_WORK INSTRUCTIONS_. Give back exactly the lines from the one that holds "disposition de polygone" through the final line of the data; omit the pictures and add nothing.

[[ INPUT DATA open ]]

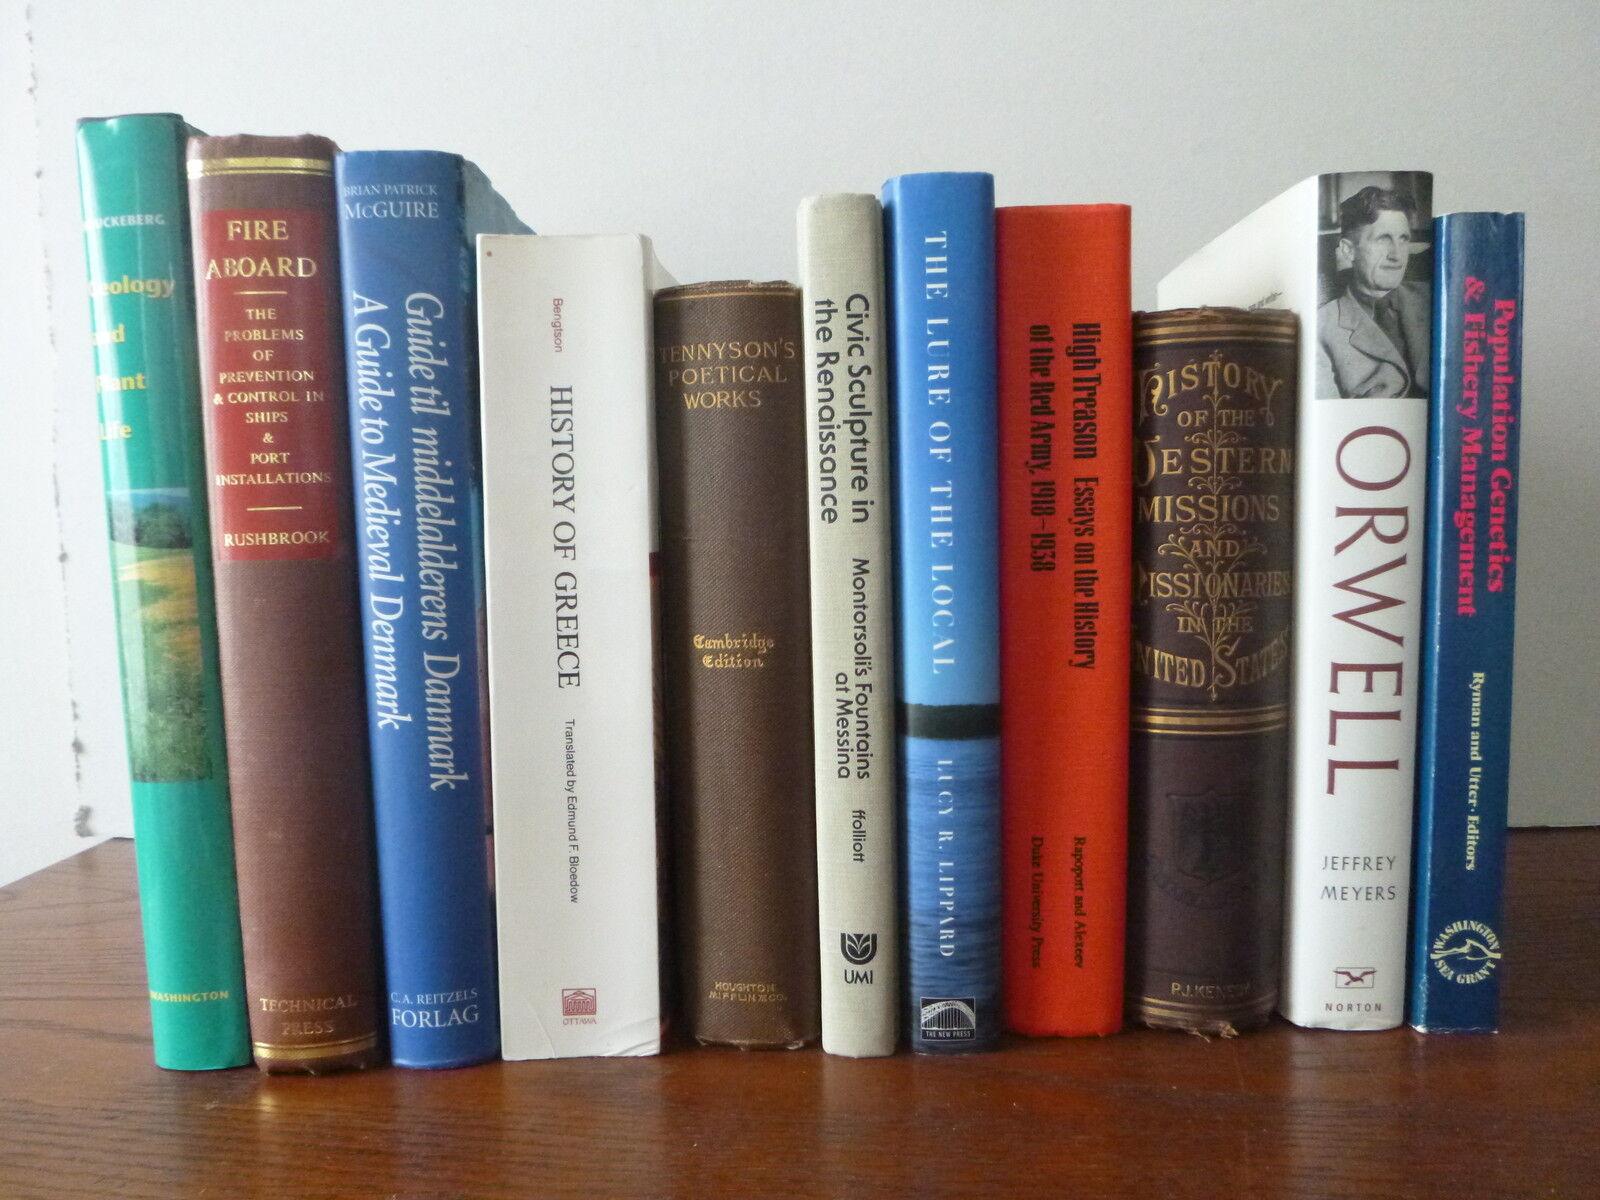 dg2 books
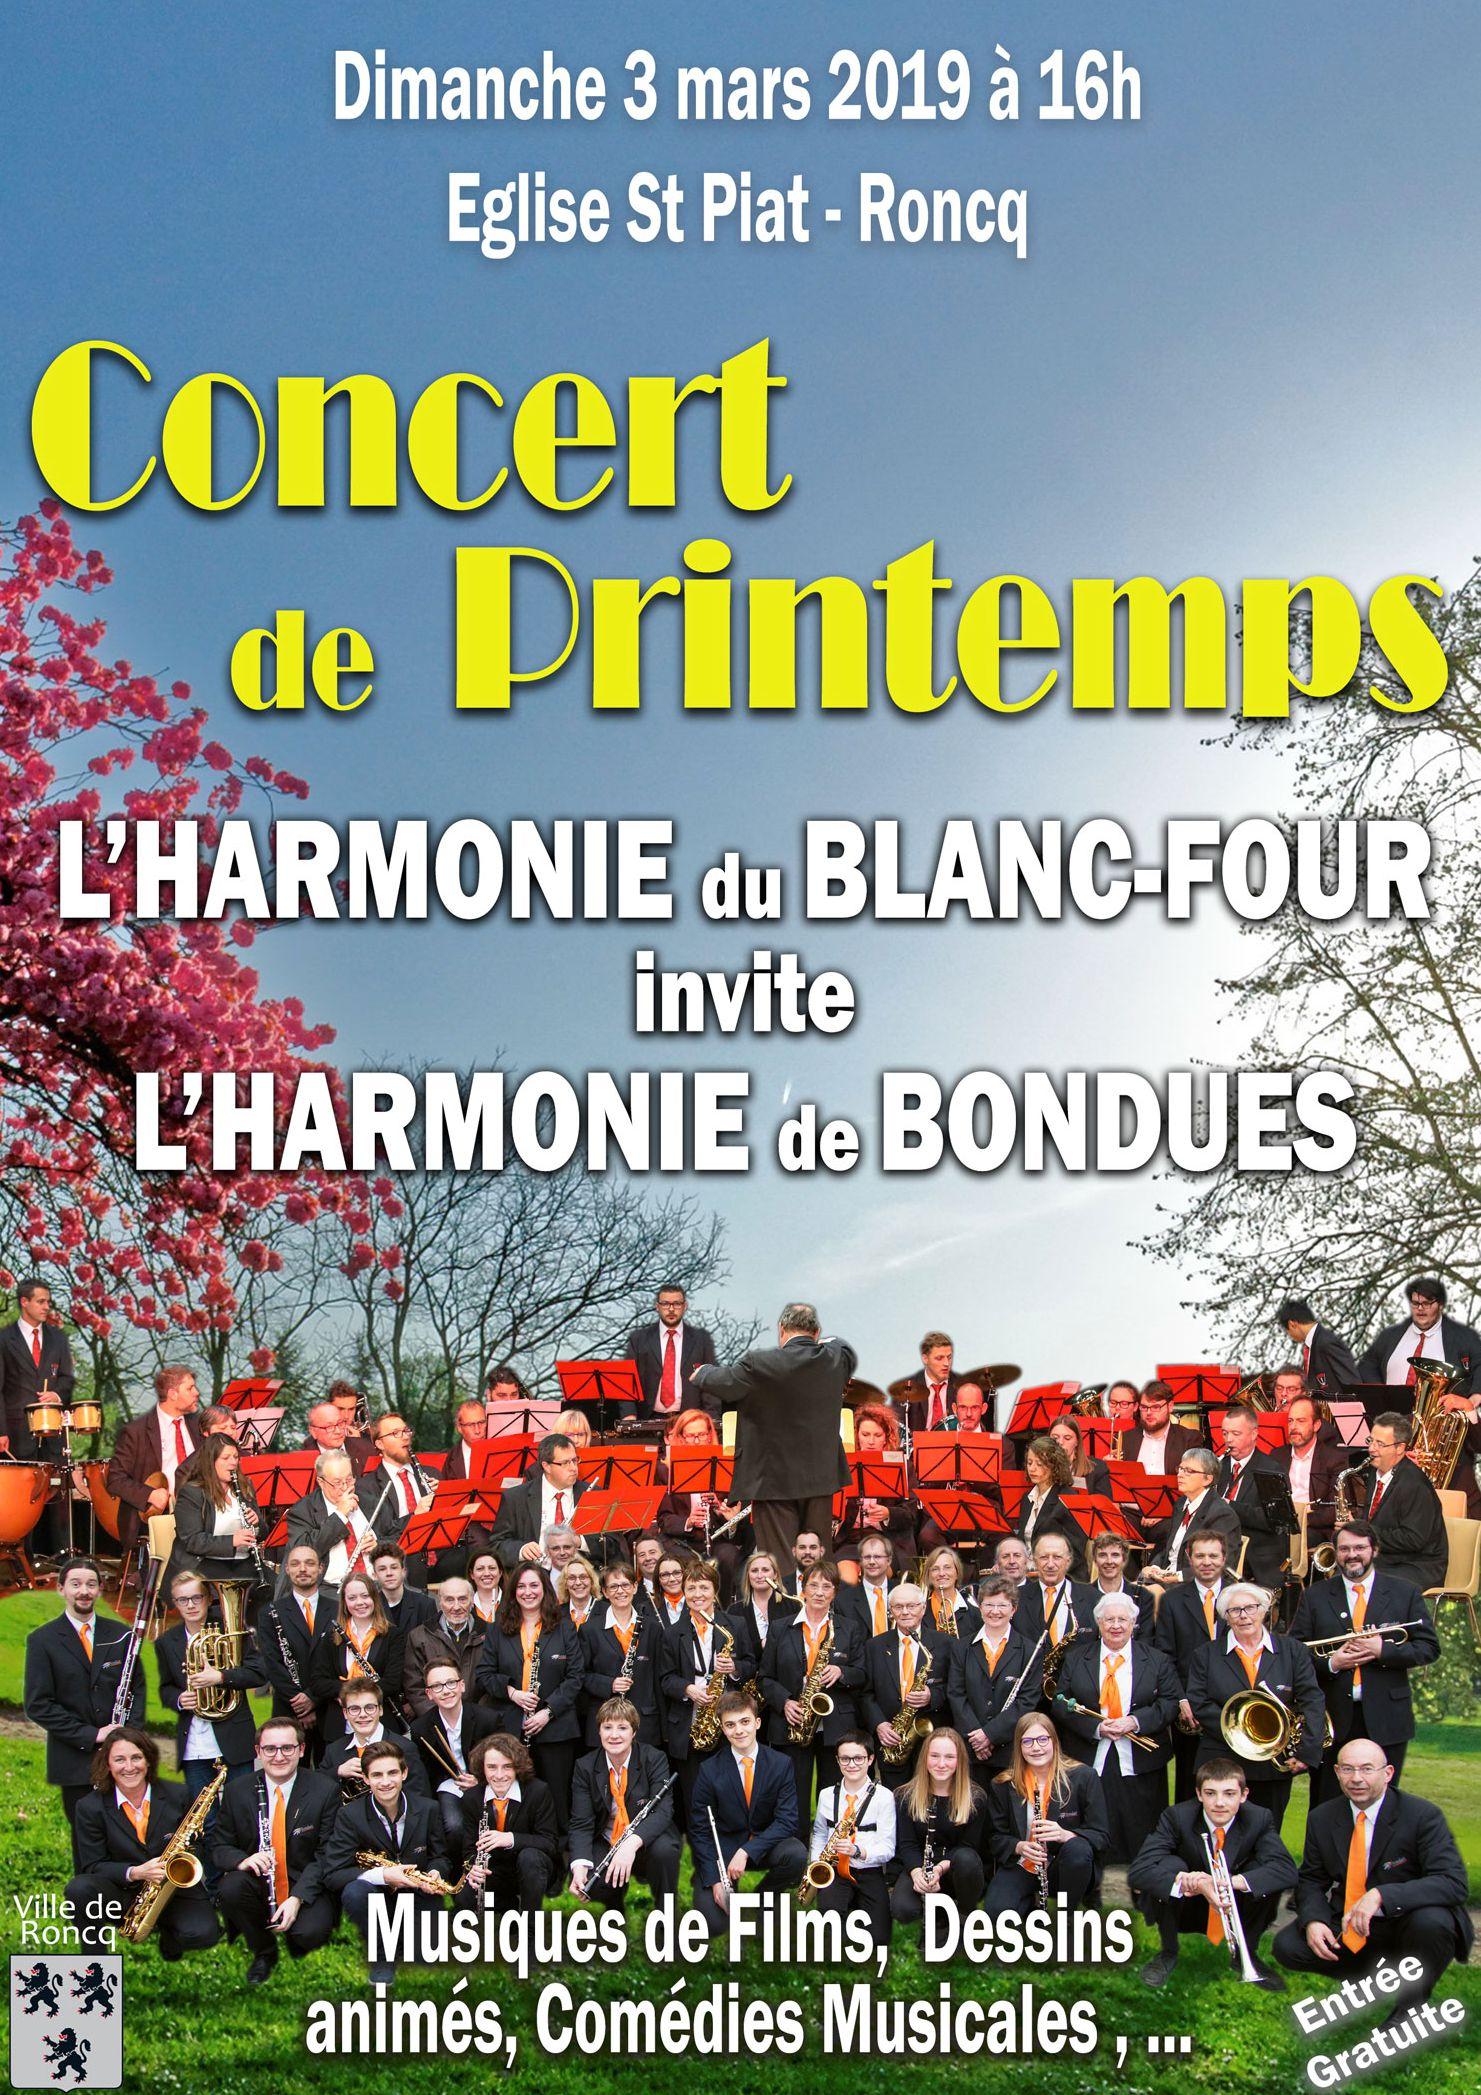 Concert avec l'harmonie du Blanc Four @ Eglise St Piat, Roncq
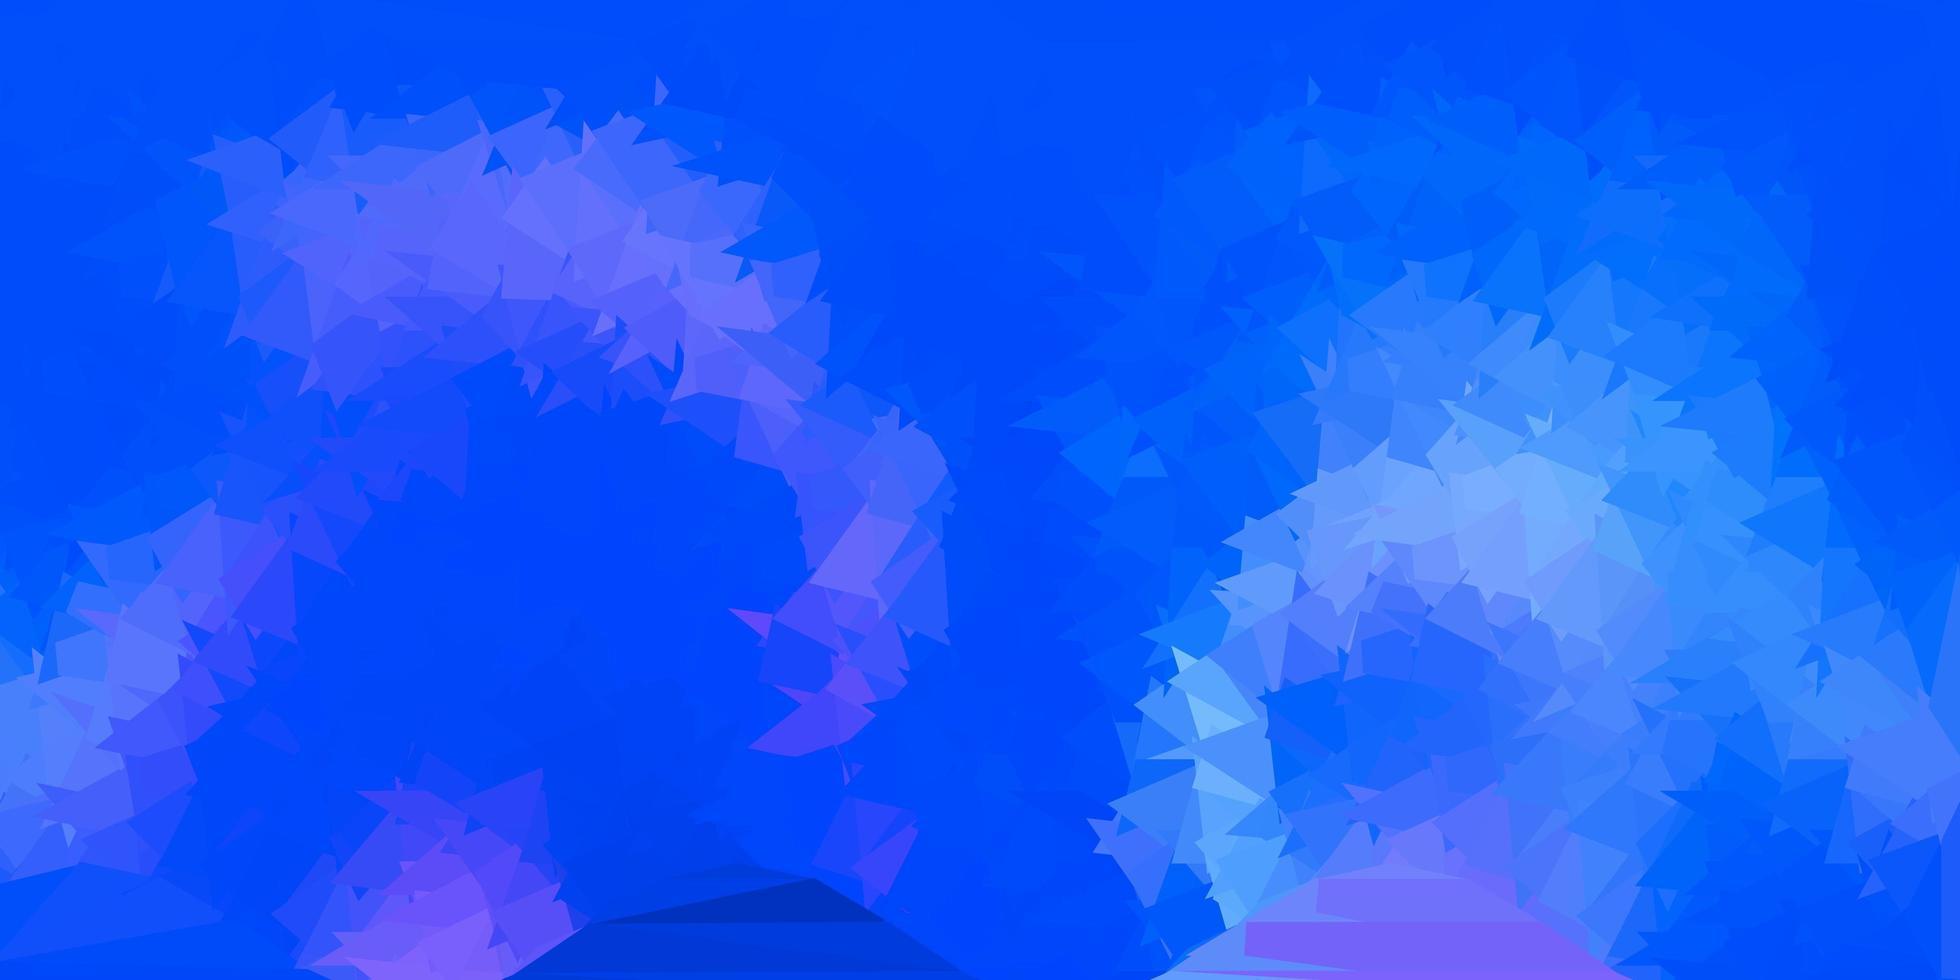 disposition de polygone dégradé vecteur bleu clair.
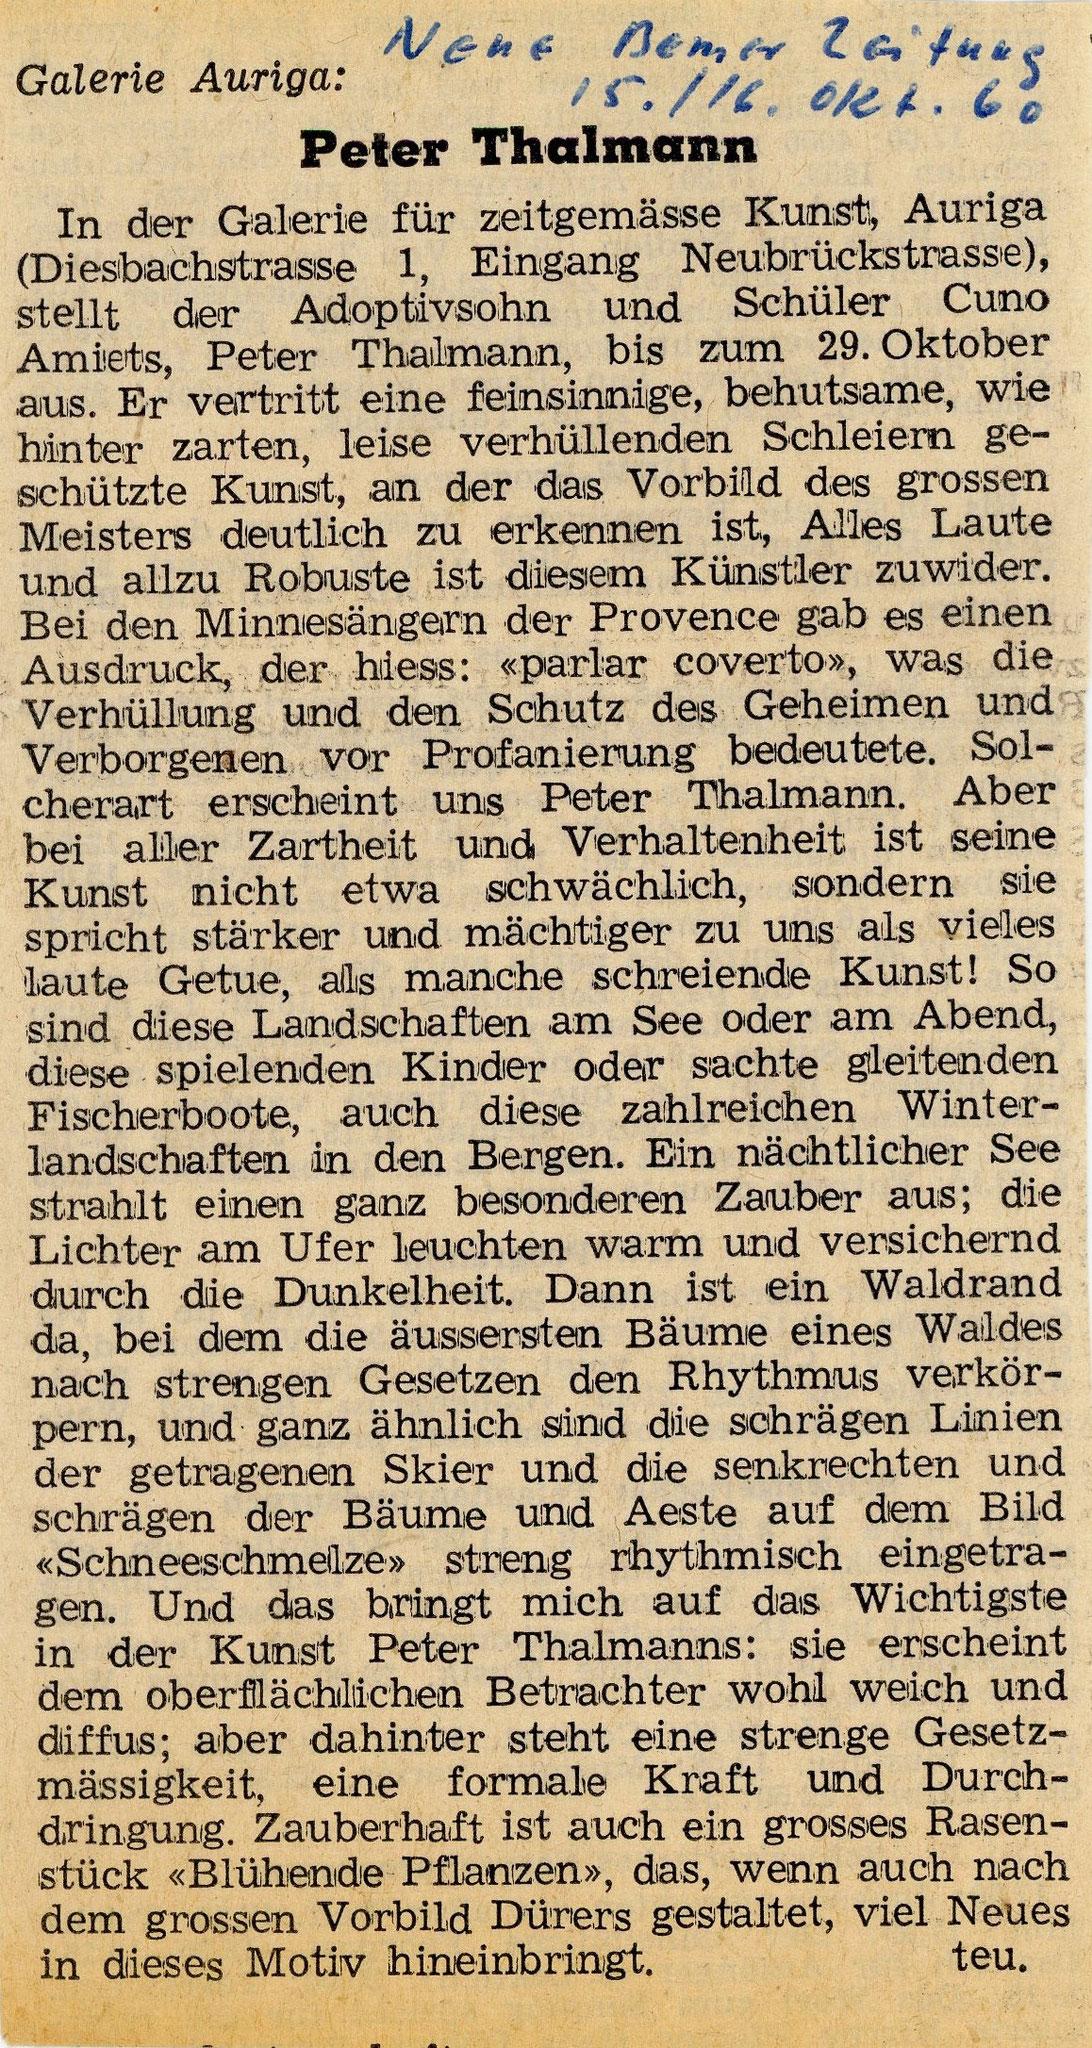 1960, Galerie Auriga: Zeitungsbericht

[[ INPUT DATA closed ]]

_ANSWER SECTION_.
 disposition de polygone dégradé vecteur bleu clair.
 1960, Galerie Auriga: Zeitungsbericht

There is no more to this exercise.